■ Exercise details
Without including any pictures, copy every line below exactly.

■ Data extract
☆ ☆ ☆ ☆ ☆ ☆ ☆

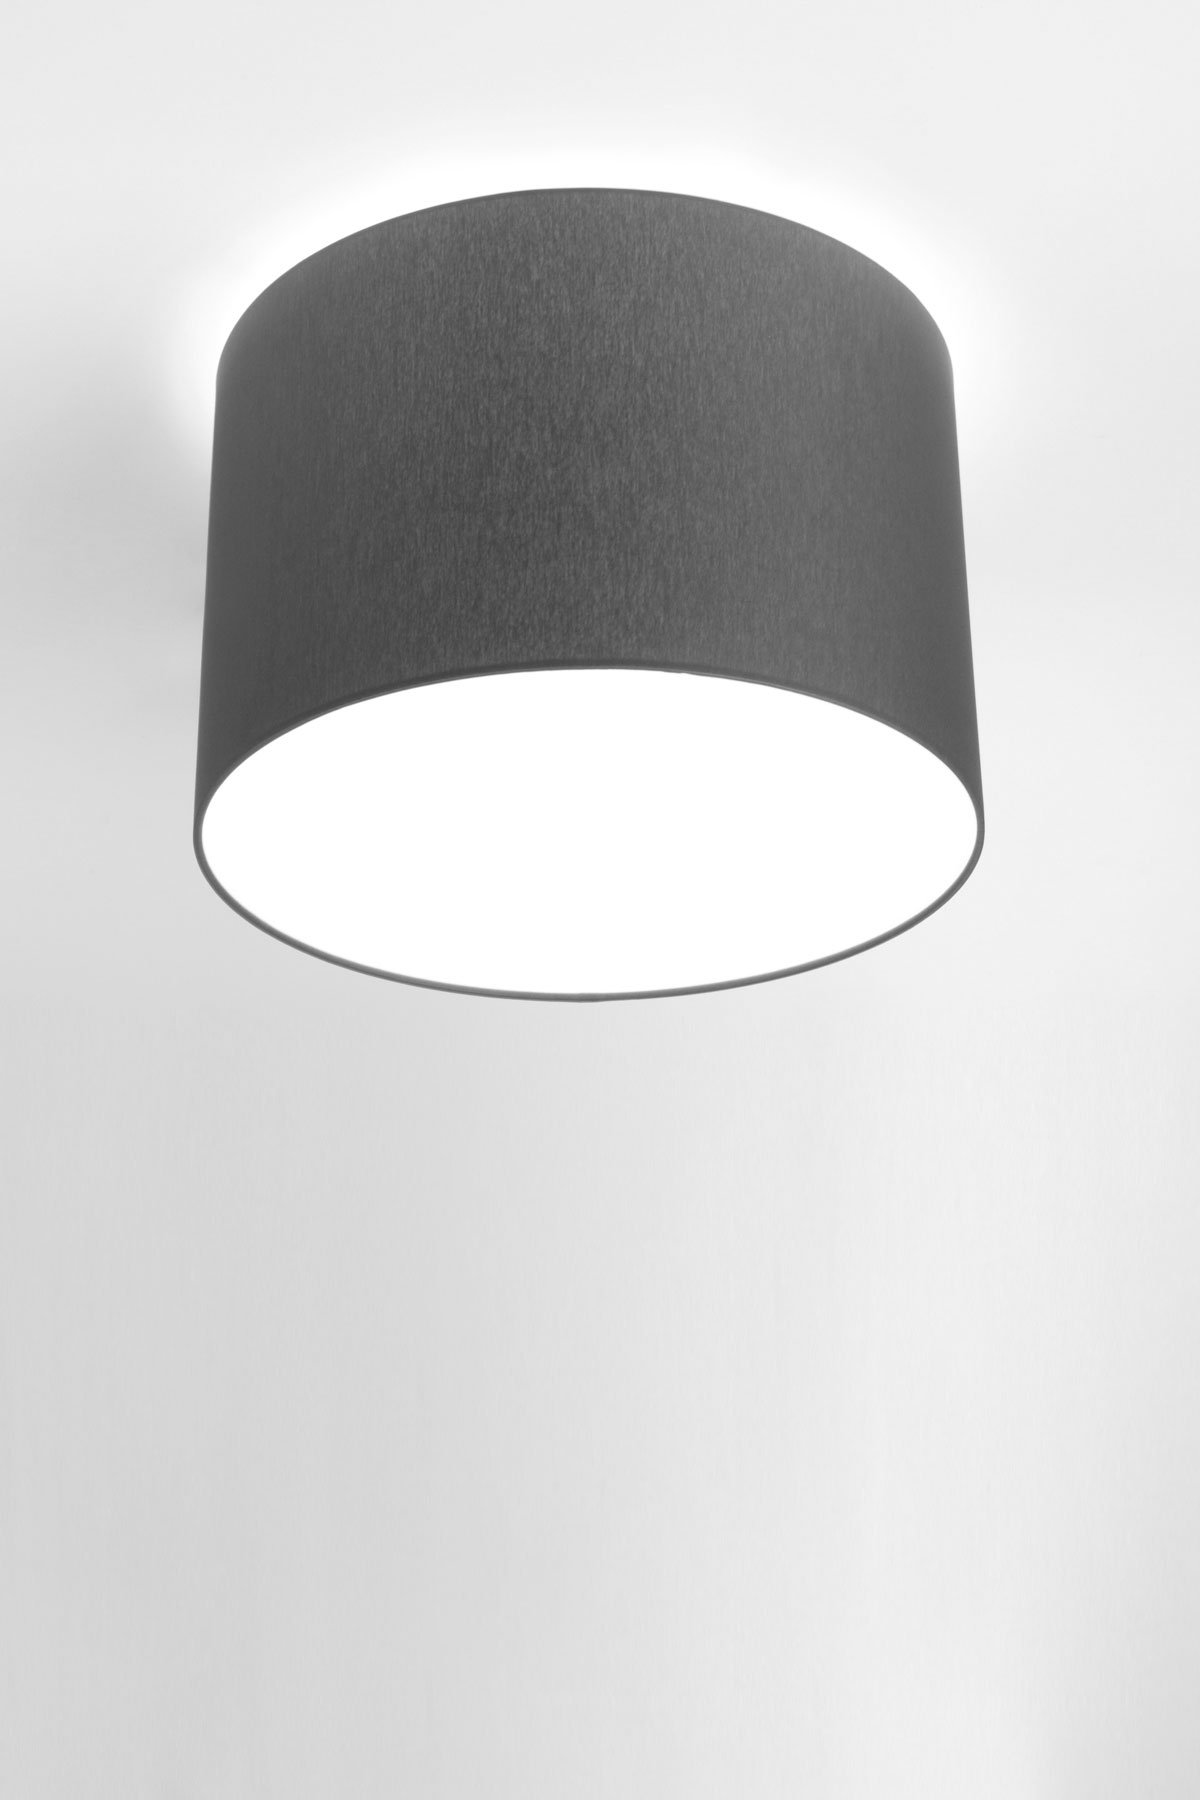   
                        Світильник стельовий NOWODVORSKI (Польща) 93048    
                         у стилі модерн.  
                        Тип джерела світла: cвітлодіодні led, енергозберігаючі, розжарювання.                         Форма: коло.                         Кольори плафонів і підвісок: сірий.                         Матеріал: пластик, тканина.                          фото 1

☆ ☆ ☆ ☆ ☆ ☆ ☆

■ Finished exercise
                        Світильник стельовий NOWODVORSKI (Польща) 93048    
                         у стилі модерн.  
                        Тип джерела світла: cвітлодіодні led, енергозберігаючі, розжарювання.                         Форма: коло.                         Кольори плафонів і підвісок: сірий.                         Матеріал: пластик, тканина.                          фото 1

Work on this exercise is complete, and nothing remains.